ASSIGNMENT =>
From the entries below, transcribe exactly the lines between the line holding "Street scene New" and the line holding "June 3, 2019", inclusive; skip all other lines.

DATA IN THIS EXERCISE =>
* * *
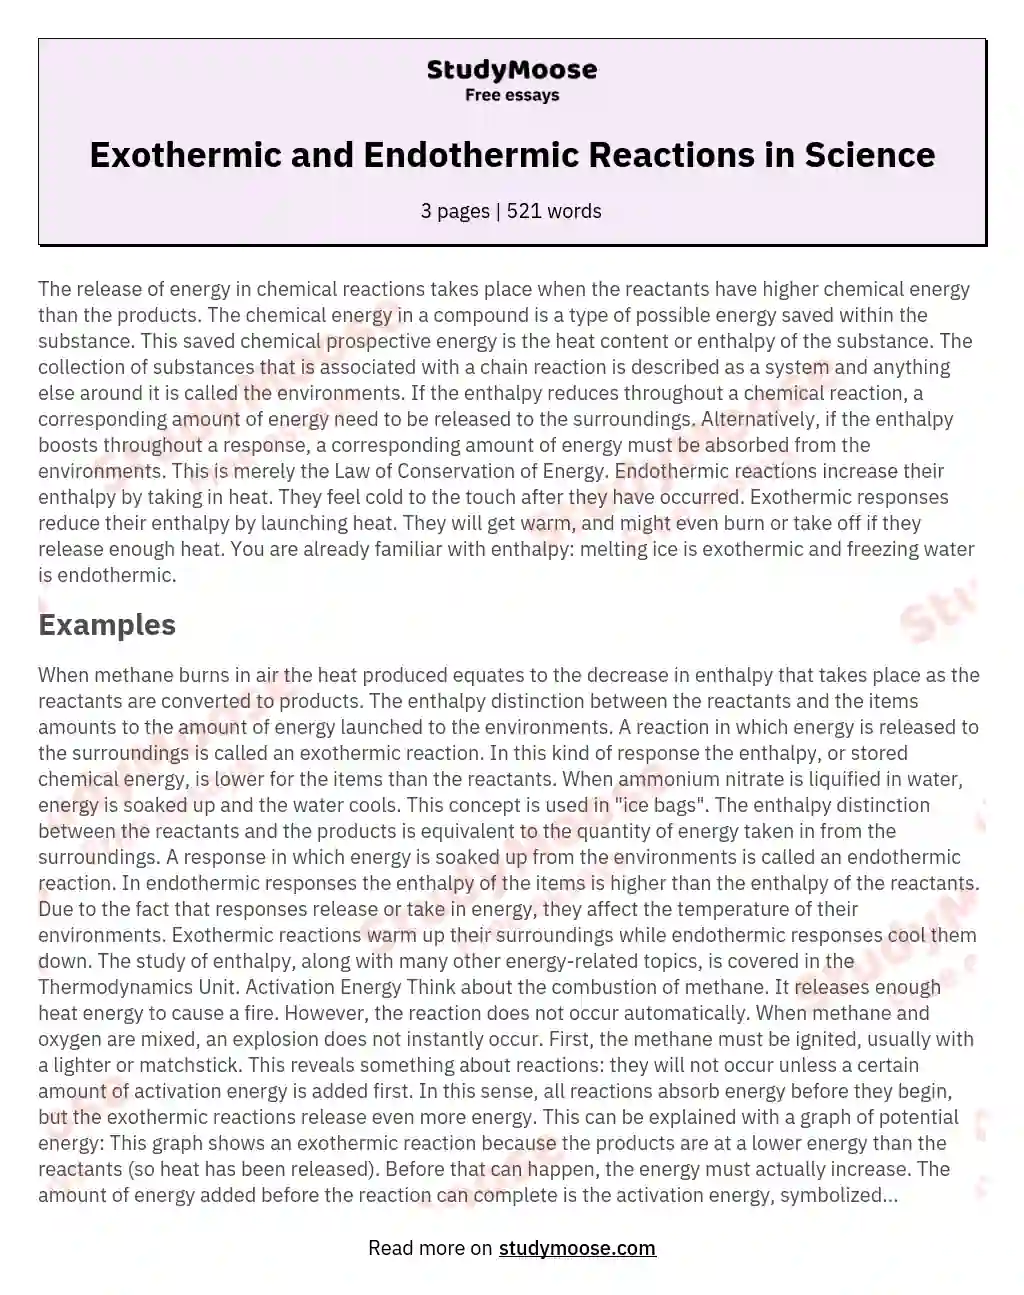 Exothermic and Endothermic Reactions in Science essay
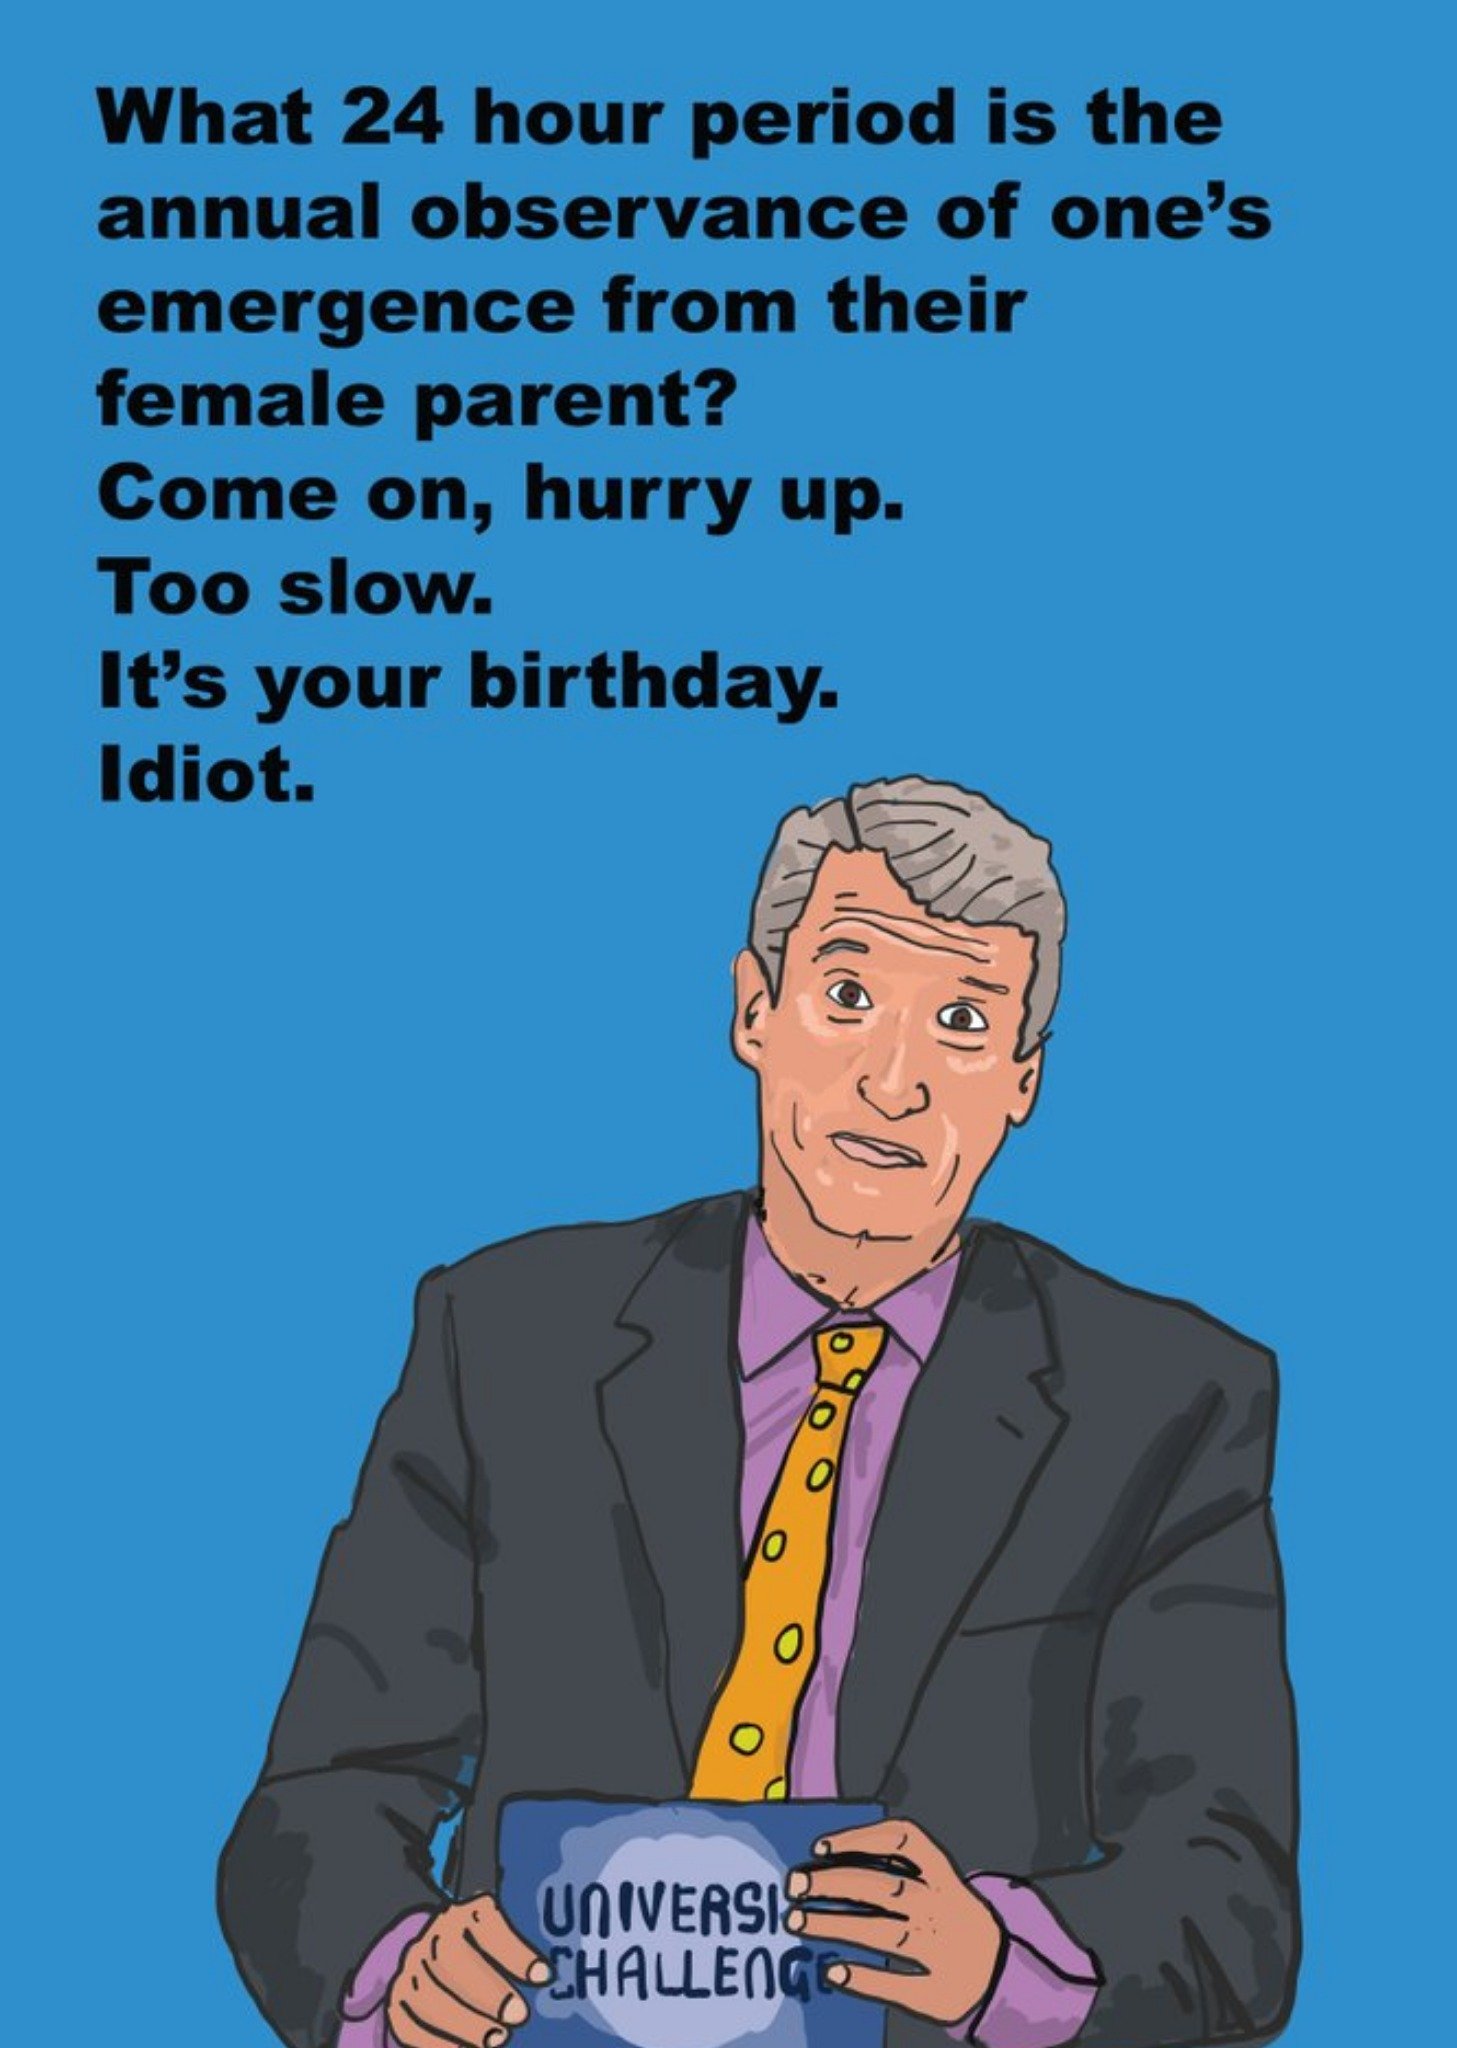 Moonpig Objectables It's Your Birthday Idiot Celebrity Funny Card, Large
* * *
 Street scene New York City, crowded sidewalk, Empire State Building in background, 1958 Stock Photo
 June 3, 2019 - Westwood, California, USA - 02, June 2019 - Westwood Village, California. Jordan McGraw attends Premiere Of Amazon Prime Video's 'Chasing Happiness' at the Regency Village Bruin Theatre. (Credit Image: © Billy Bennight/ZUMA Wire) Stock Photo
* * *
REPLY TO THE TASK =>
 Street scene New York City, crowded sidewalk, Empire State Building in background, 1958 Stock Photo
 June 3, 2019 - Westwood, California, USA - 02, June 2019 - Westwood Village, California. Jordan McGraw attends Premiere Of Amazon Prime Video's 'Chasing Happiness' at the Regency Village Bruin Theatre. (Credit Image: © Billy Bennight/ZUMA Wire) Stock Photo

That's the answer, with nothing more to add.